Though the would-be Tennesseans had jumped through all the prescribed hoops in their quest for statehood, their fate lay in the hands of the federal government in Philadelphia, more than 600 miles away. William Blount, the visionary who came over the mountains to create a new government in the wilderness, was not inclined to wait on Congress to act. Instead, Blount and his fellow visionaries created an entire state government, complete with a legislature, electing John Sevier the first governor and William Blount and William Cocke U.S. Senators. In April 1796, Blount and Cocke traveled to the national capital to make their case for immediate statehood.
Exterior of Blount Mansion with Gay Street Bridge in the Background
In a scenario that presaged today’s frequently-divided federal government, the two houses of Congress were soon locked in a bitter dispute over how to respond to the petition. In this age before the arrival of Democrats and Republicans, Congress was split between Federalists and Anti-Federalists, with the former holding sway in the House of Representatives and the latter in the Senate. The Anti-Federalists favored Tennessee’s admittance, while the Federalists were opposed (This had to do with the belief that Tennessee’s citizens, who would be added to voter rolls once statehood was attained, would swell anti-Federalist ranks and alter the balance of power). A month of bitter debate ensued, but in the end, Blount and his compatriots carried the day, and Tennessee gained admittance to the union as our nation’s sixteenth state that June.

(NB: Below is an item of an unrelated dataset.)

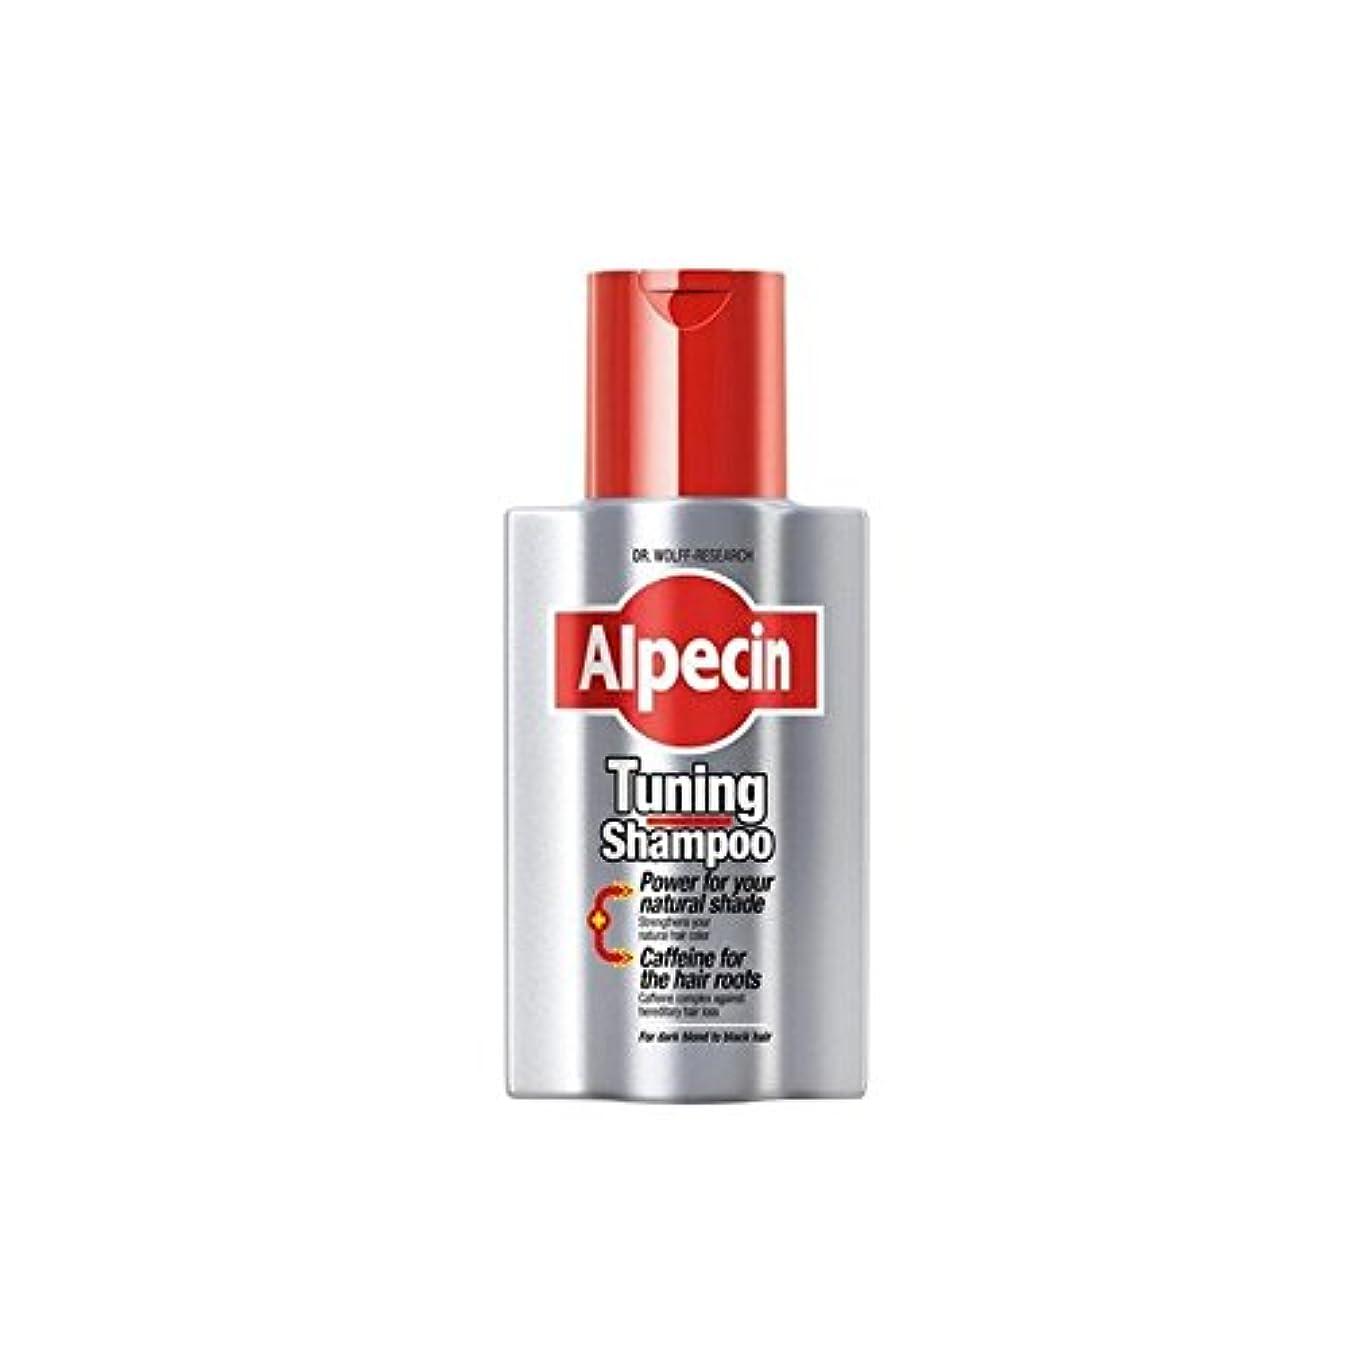 セール地理レンダーAlpecin Tuning Shampoo (200ml) - チューニングシャンプー(200ミリリットル) [並行輸入品]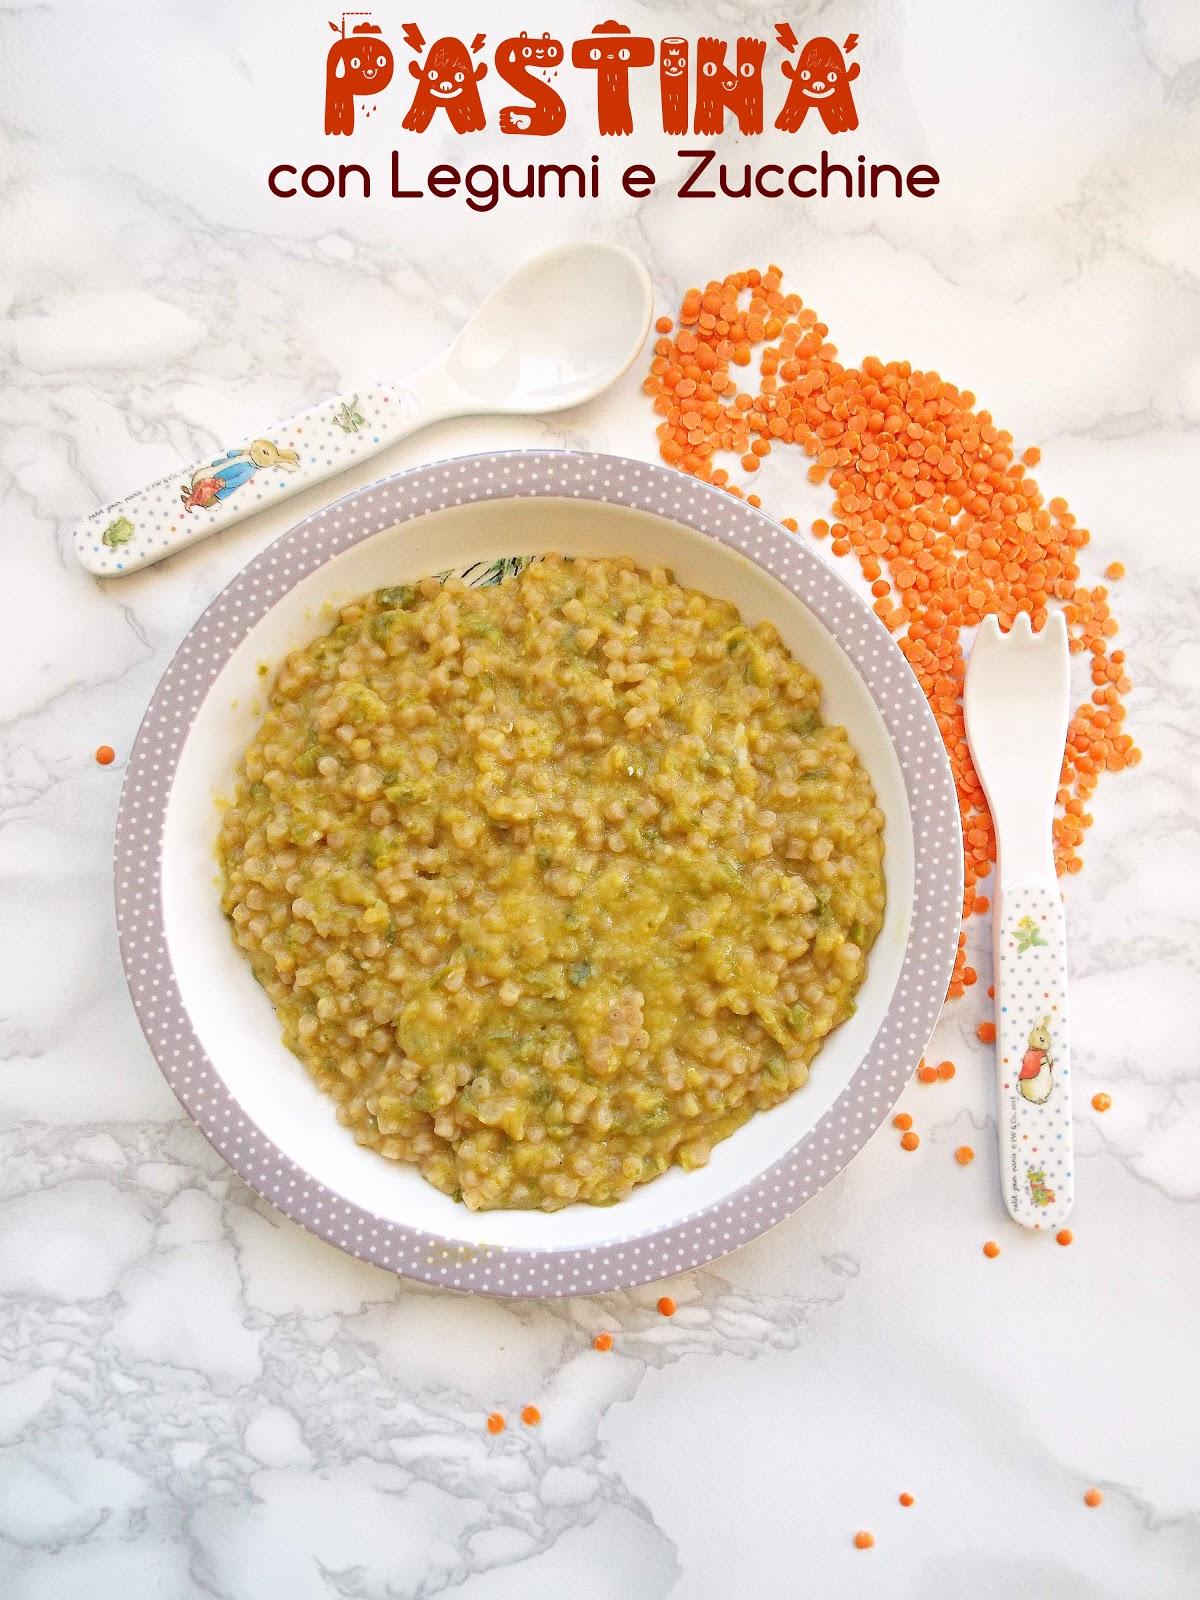 Ricetta Lenticchie Neonato.Svezzamento E Dintorni Pastina Con Legumi E Zucchine

Blount’s brash method—essentially showing up in the national capital uninvited and introducing himself as the senator from the newest state—came to be known as the Tennessee plan. While some new states waited for Congress to open the door and invite them to join the union, others took notice of Tennessee’s success and followed suit. Six additional territories organized themselves under a version of the Tennessee plan and similarly forced Congress to admit them as states. These included Michigan, Iowa, California, Oregon, Kansas, and Alaska. A seventh territory, New Mexico, attempted the Tennessee method unsuccessfully. The Tennessee Plan remains a model to this day, with activists in Puerto Rico and the District of Columbia advocating a similar path to statehood for the territory and the district.
William Blount’s Office
It all started in Knoxville in 1795, in William Blount’s tiny little office behind his house overlooking the river downtown. While you’re always welcome to come tour Blount’s house and his office and reconstructed kitchen any day Tuesday-Saturday (barring special events), we’d like to issue you a special invitation to visit us free of charge on Statehood Day—June 1st, 2019—the 223rd anniversary of Tennessee’s statehood and the success of William Blount’s audacious plan. Who knows? Maybe you’ll be inspired to dream big dreams of your own. At the very least, you’ll take pride on the Volunteer State’s first claim to fame on the day when it happened and in the room where it all began.